**DATASET SECTION:**
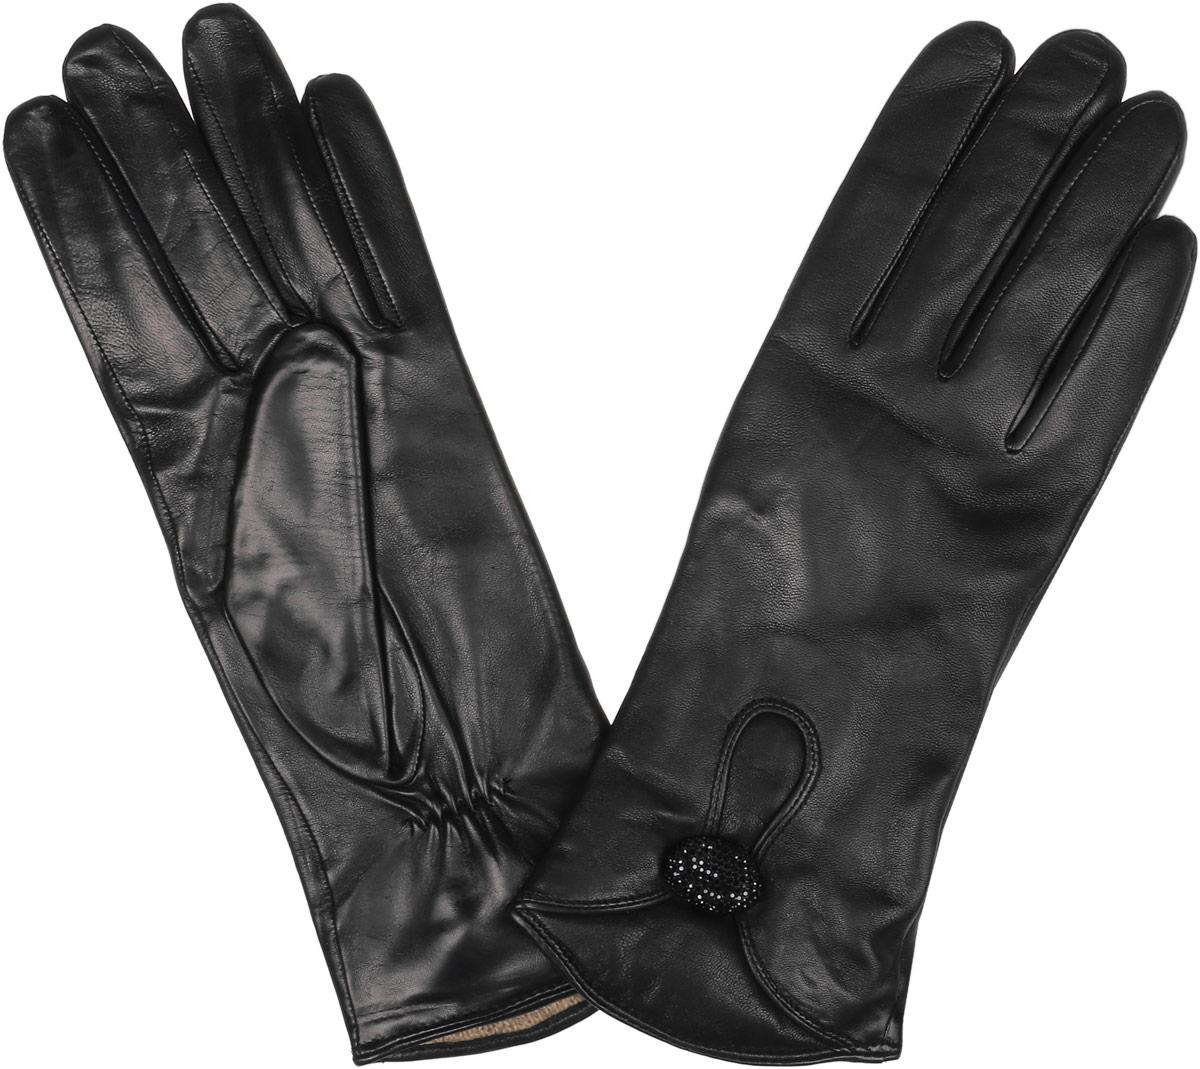 Перчатки2.9-1 blackСтильные женские перчатки Fabretti не только защитят ваши руки, но и станут великолепным украшением. Перчатки выполнены из натуральной кожи ягненка, а их подкладка - из высококачественной шерсти с добавлением кашемира. Модель оформлена пуговичкой с блестящими стразами. Перчатки имеют строчки - стежки на запястье, которые придают большее удобство при носке. Стильный аксессуар для повседневного образа.
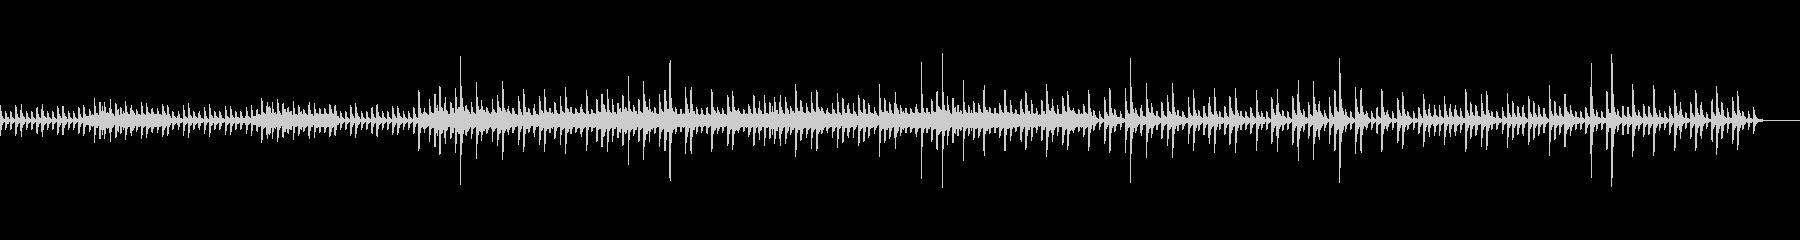 bpm100バージョンの未再生の波形
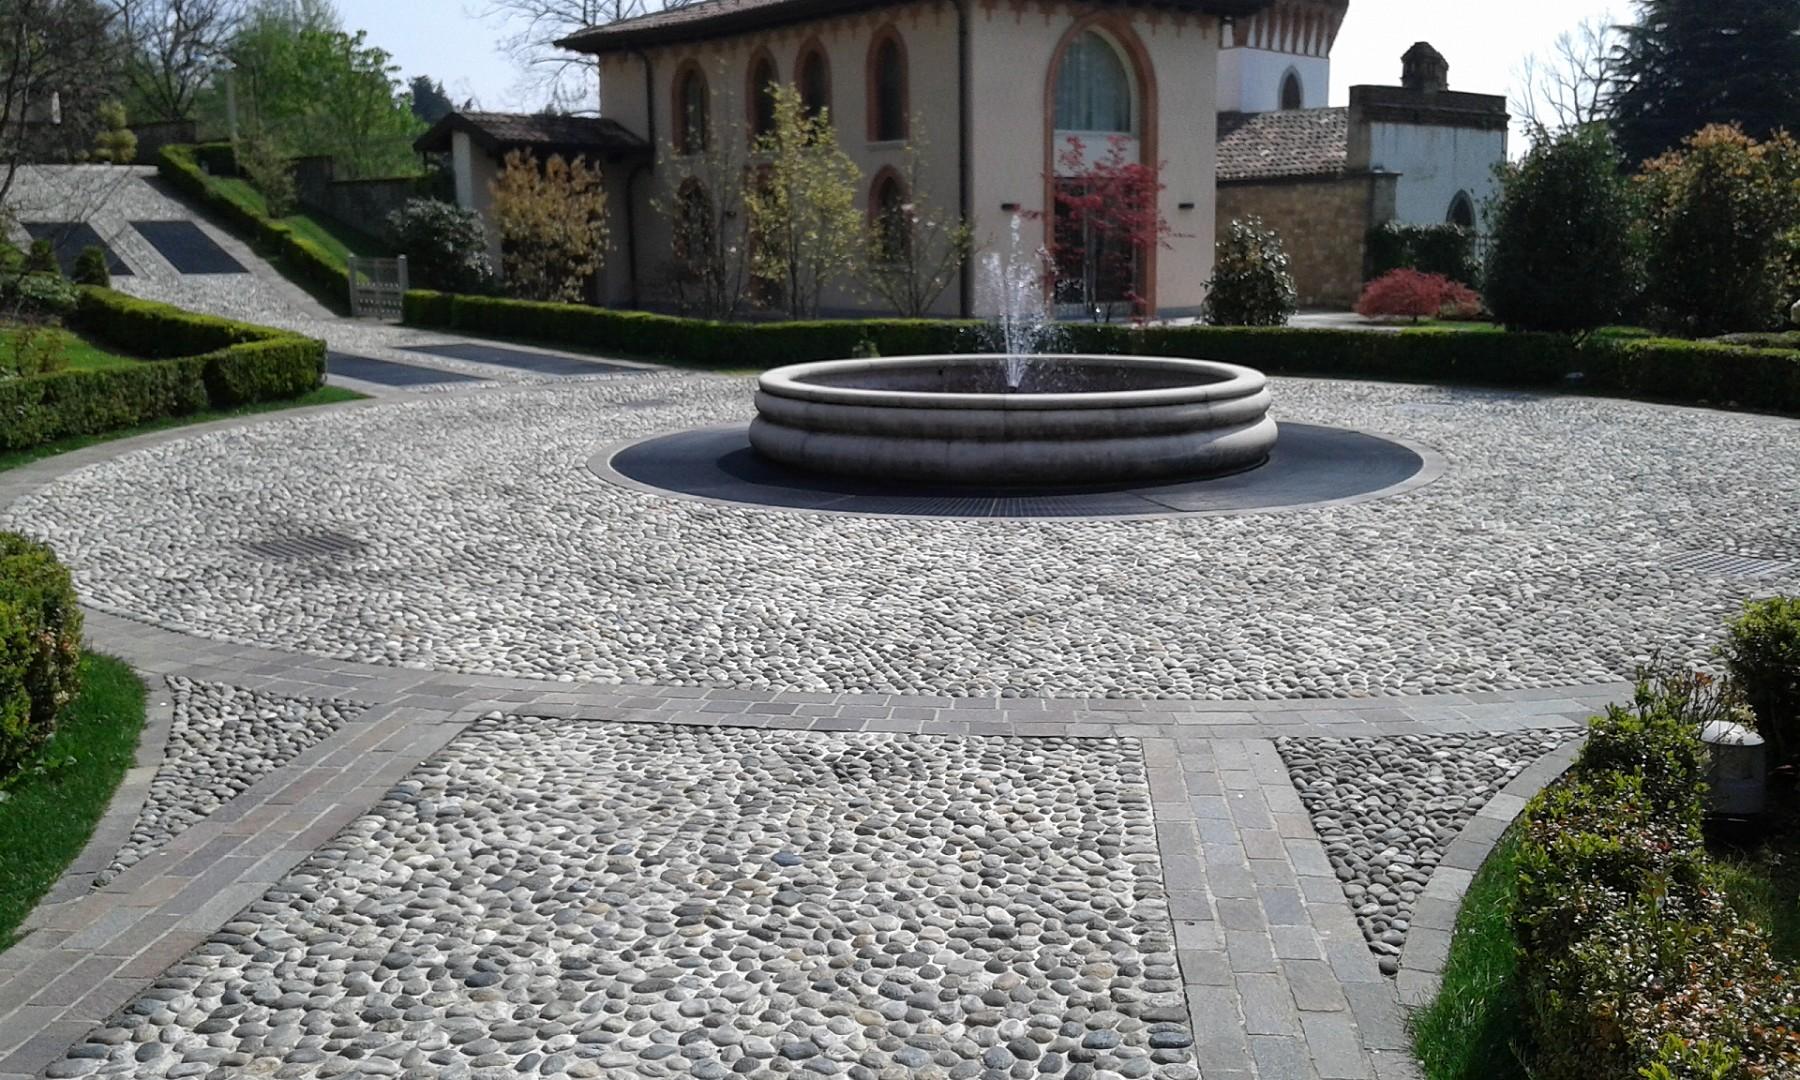 Pavimentazione Giardino In Pietra cabiati materiali edili genova molassana | materiale edile

**WHAT THE TASK ASKS:**
Give the lines from the one containing "bpm100バージョンの未再生の波形" through the last line of the material again, exactly and with no pictures, both ends included.

**REPLY TO THE EXERCISE:**
 bpm100バージョンの未再生の波形
 Pavimentazione Giardino In Pietra cabiati materiali edili genova molassana | materiale edile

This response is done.